Task to complete ▸
With the line containing "GoodHome Alpinia Matt" as the final line, restate exactly every line of the data below from the first one onward, and copy no pictures.

Given material ▸
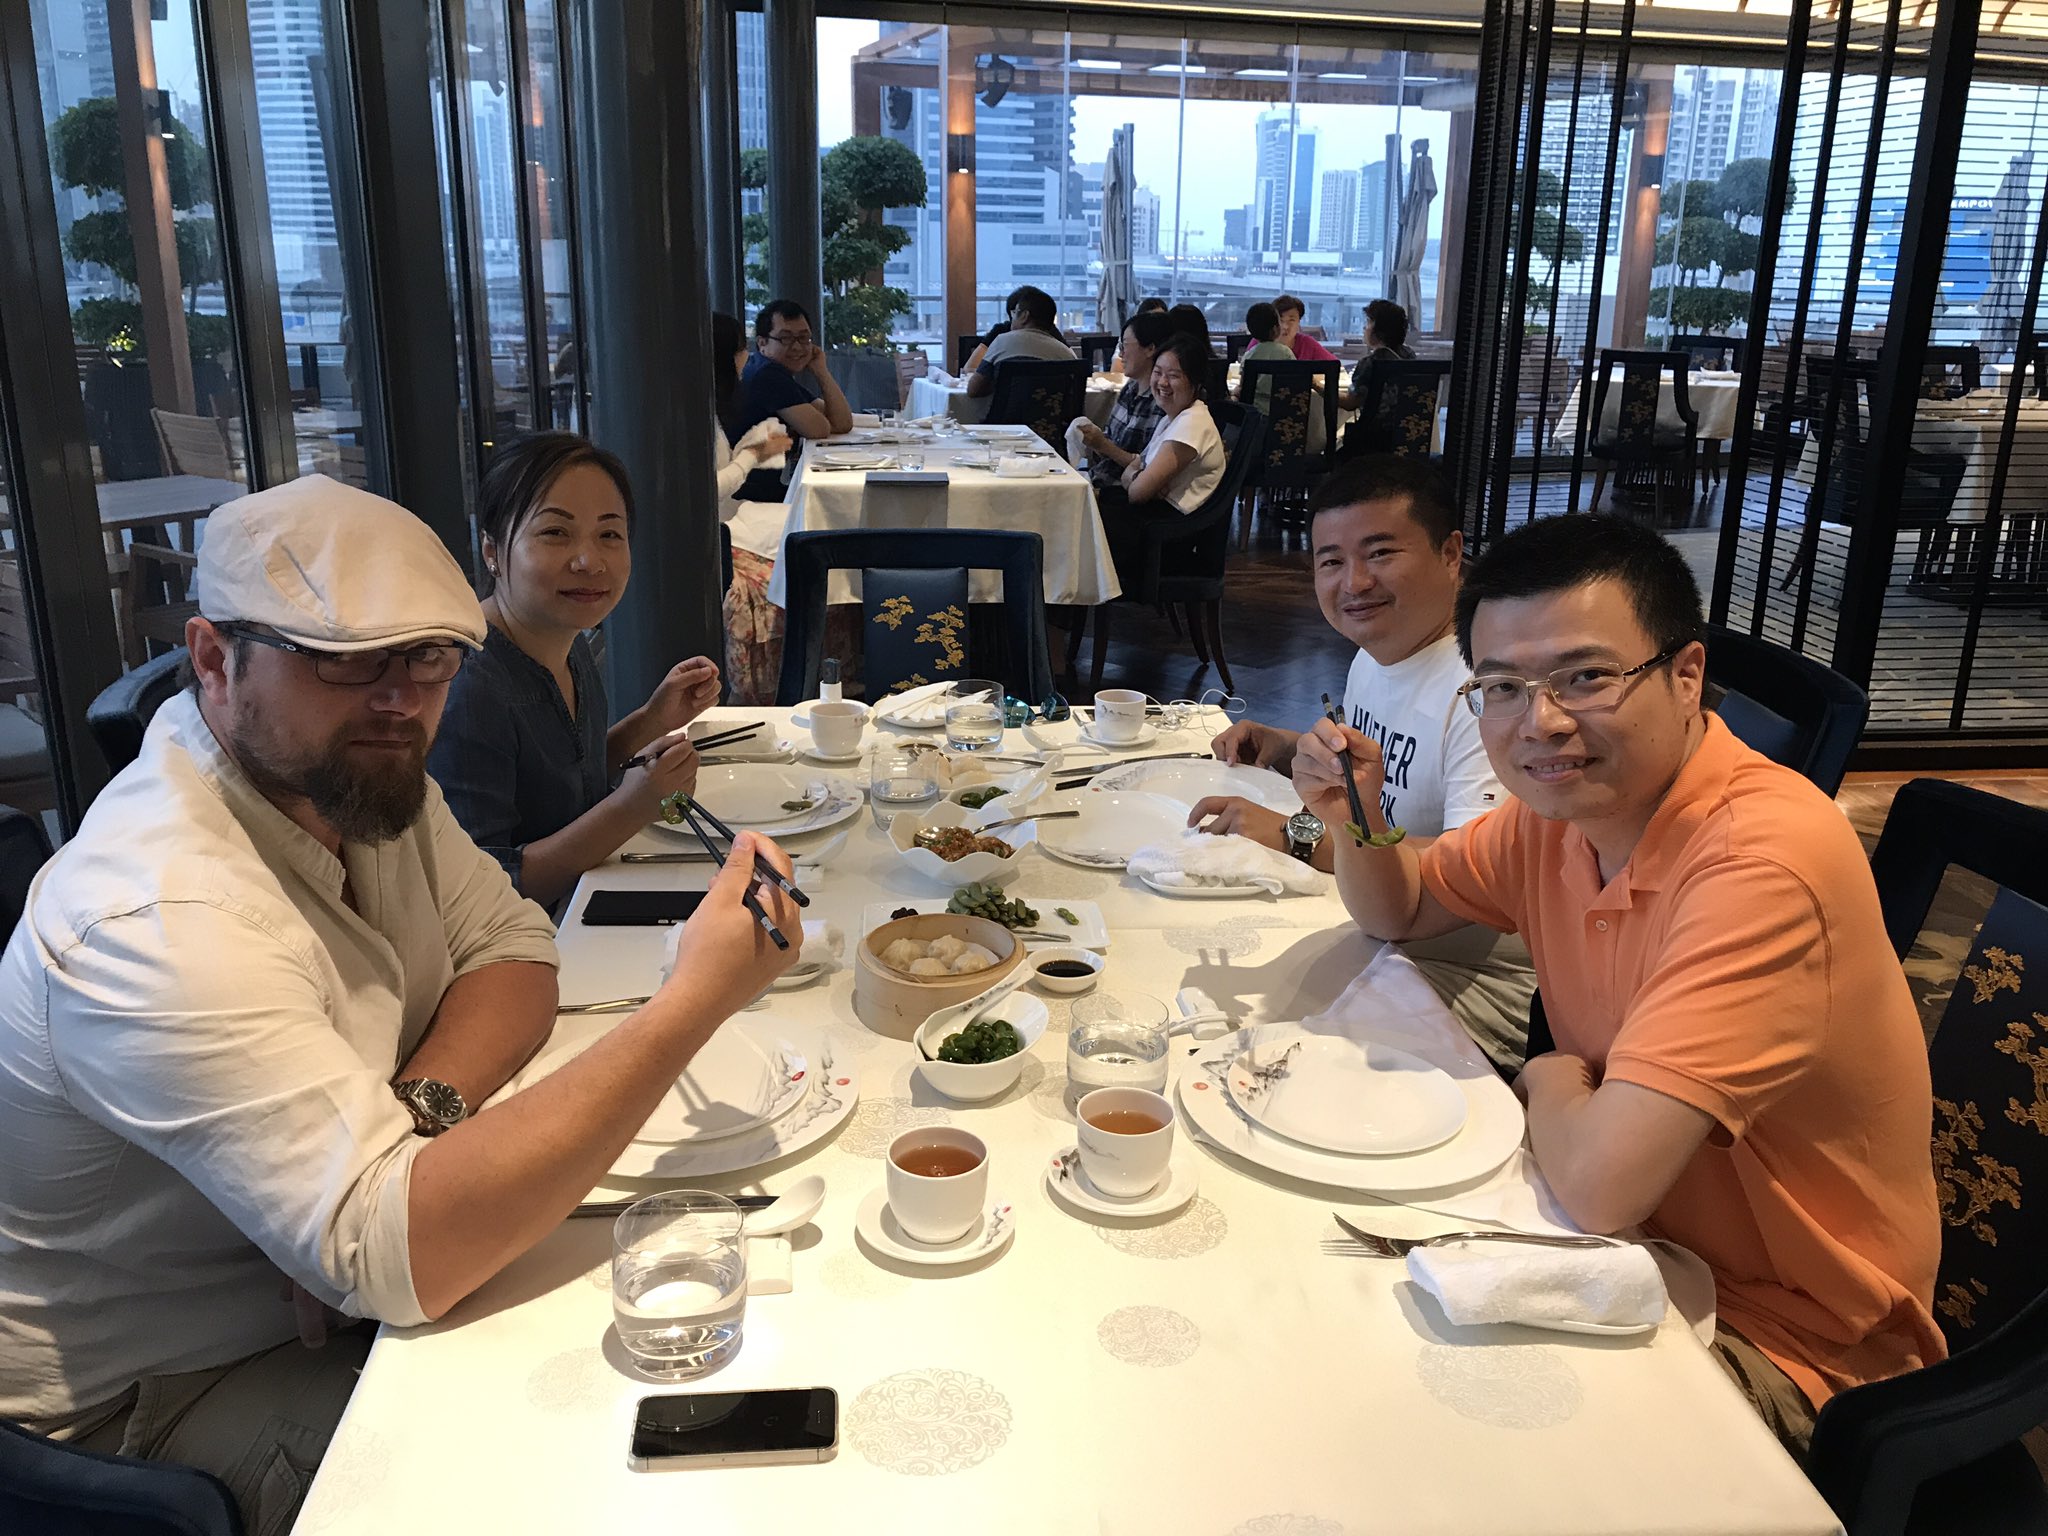 longtengseafood On Twitter Guests Enjoy With Us In Long Teng Seafood Restaurant They All Like Our Dim Sum Very Much Delicious Food Business Bay Restaurant Dumplings Https T Co Npdenviru Twitter - Long Teng Seafood Restaurant
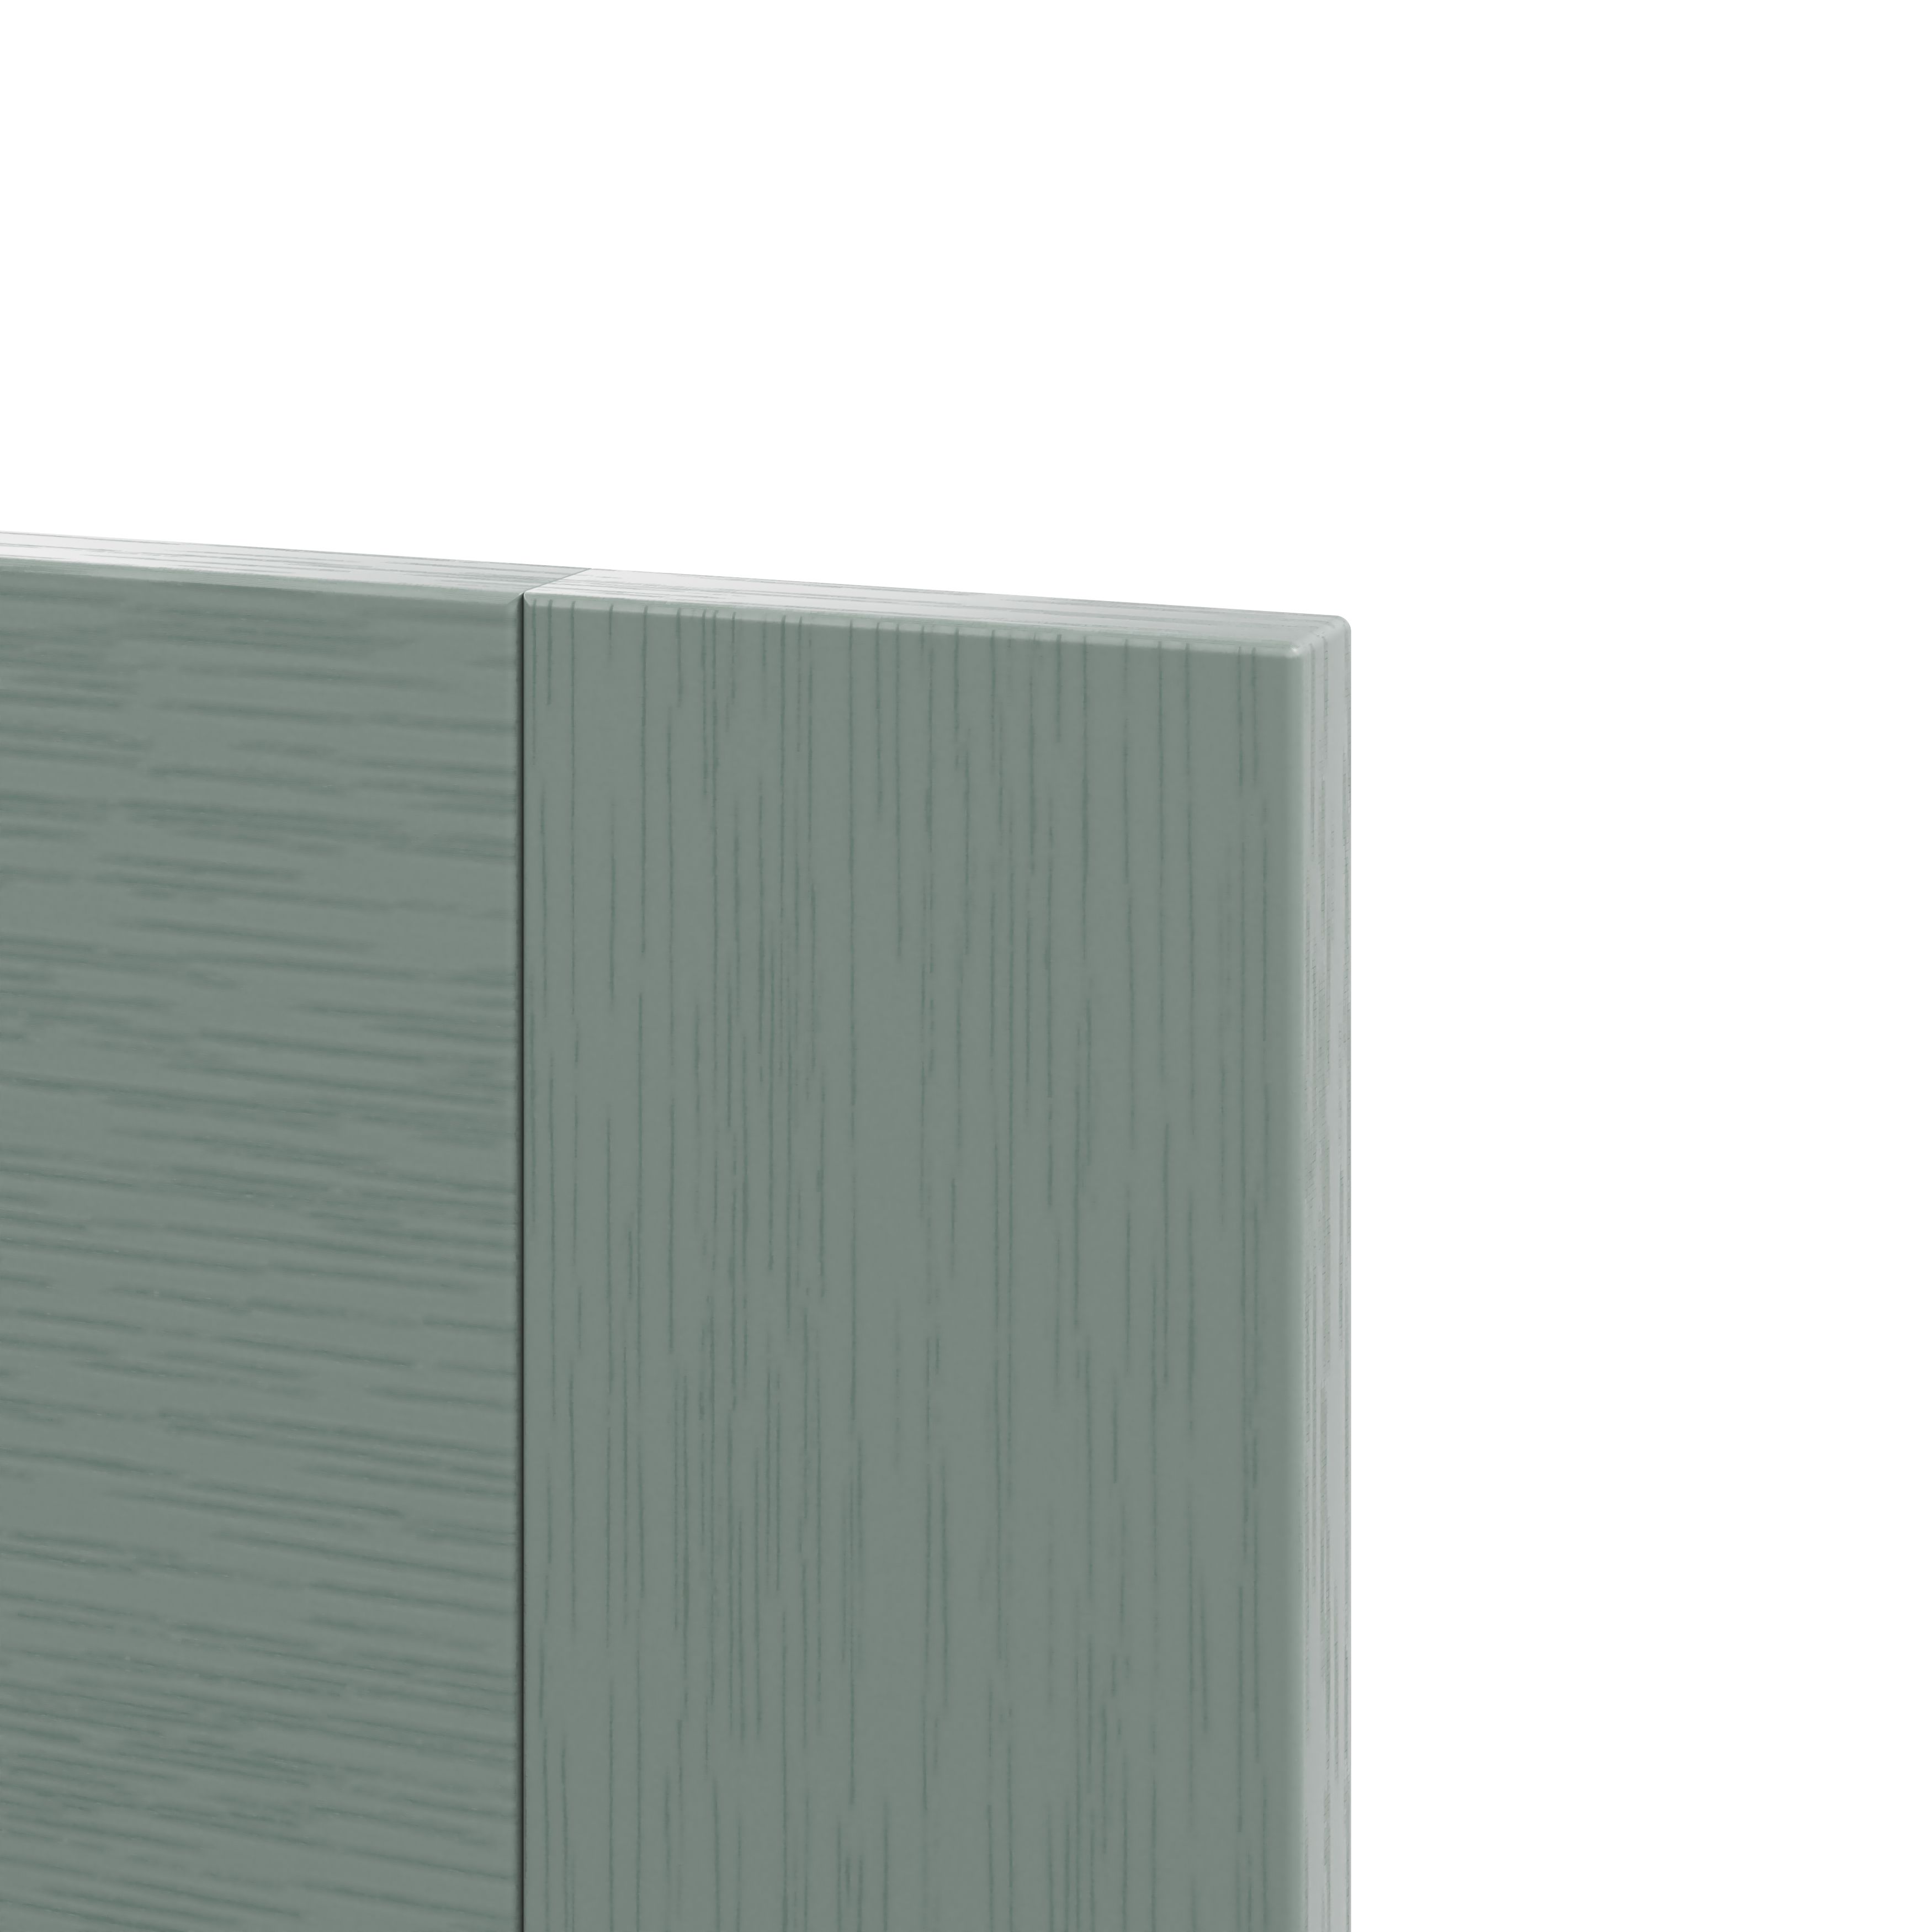 GoodHome Alpinia Matt Green Painted Wood Effect Shaker Drawer front (W)500mm, Pack of 4
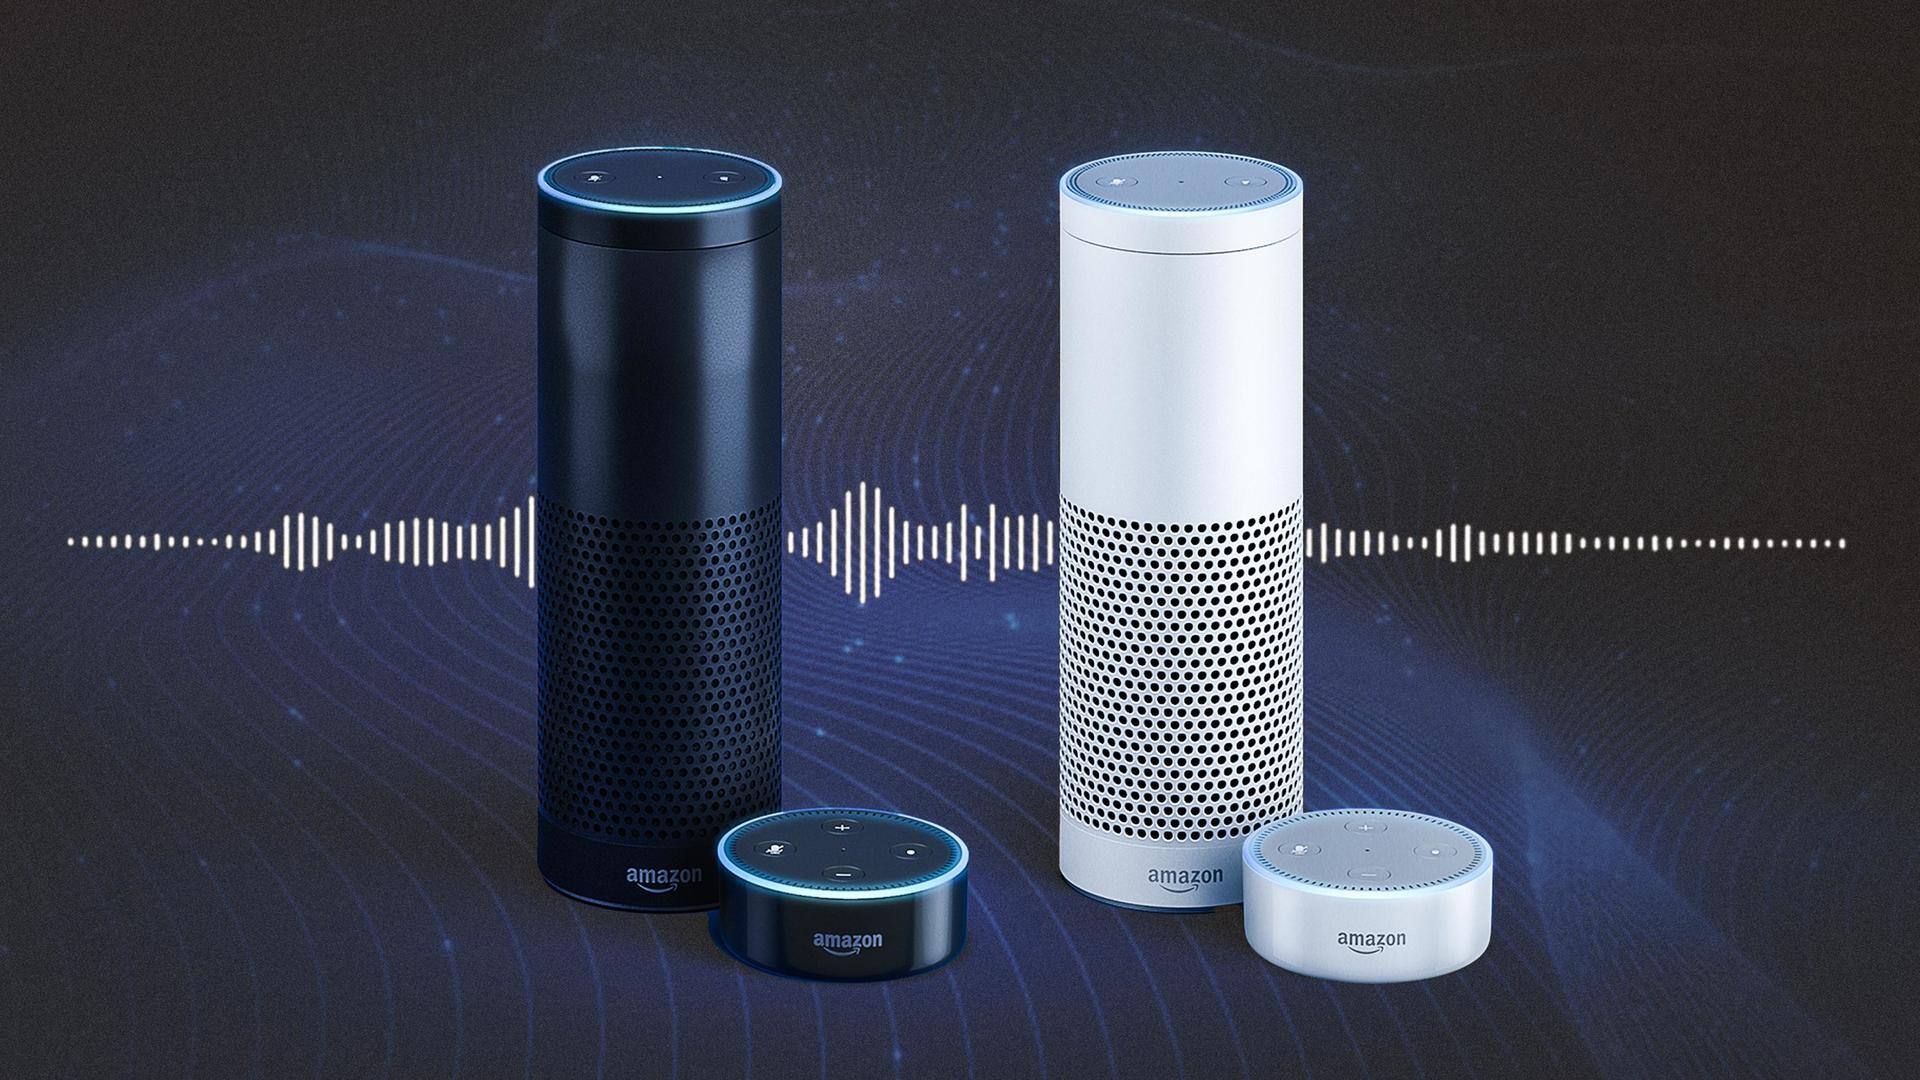 How Amazon plans to revamp Alexa with AI chatbot technology

Response to the task ▸
 longtengseafood On Twitter Guests Enjoy With Us In Long Teng Seafood Restaurant They All Like Our Dim Sum Very Much Delicious Food Business Bay Restaurant Dumplings Https T Co Npdenviru Twitter - Long Teng Seafood Restaurant
 GoodHome Alpinia Matt Green Painted Wood Effect Shaker Drawer front (W)500mm, Pack of 4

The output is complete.